Kenneth Gilbert More, CBE, was one of Britain’s most successful and highest paid actors of his generation, with a multi award-winning career in theatre, film and television spanning over 4 decades. He made an indelible mark on British show business which continues to resonate to this day.
Born in Vicarage Road, Gerrards Cross, Buckinghamshire, on 20 September 1914, Kenny (as he was known) was the son of Edith ‘Topsy’ Winifred Watkins; the daughter of a Cardiff solicitor, and Major Charles ‘Bertie’ Gilbert More; a Royal Naval Air Service pilot. Kenny was brought up with his older sister, Kate, in the idyllic setting of Bute Lodge in Richmond. They were well looked after, with a maid, cook and nurse running the family home. When Kenny was six his father, Bertie, thought the time was right for both Kenny and Kate to be sent to boarding school in Worthing. This had a great emotional impact on Kenny and his relationship with Kate.

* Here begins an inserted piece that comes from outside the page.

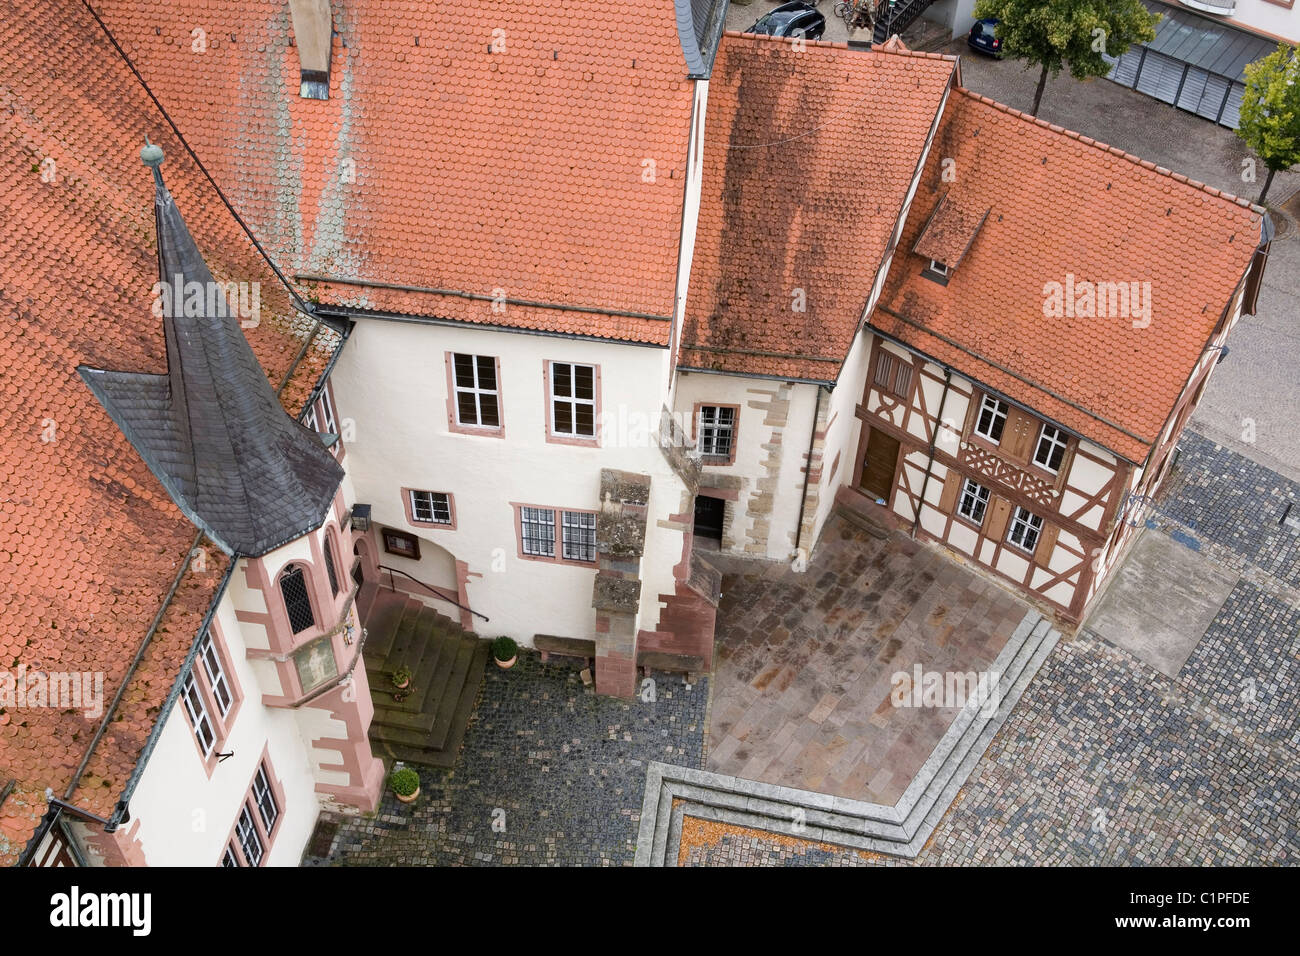 Germany, Bavaria, Tauberbischofsheim, rooftops and buildings from tower Stock Photo

It was the news that his father was to be made general manager of the Jersey Eastern Railway which brought the family back together. Kenny was sent to school at Victoria College, Jersey.
In his lifetime, Kenny’s father would end up getting through two inheritances, much of his fortune given away to hard-luck cases and outlandish inventions. He passed away destitute in 1931 at the age of forty-five leaving the family struggling to manage.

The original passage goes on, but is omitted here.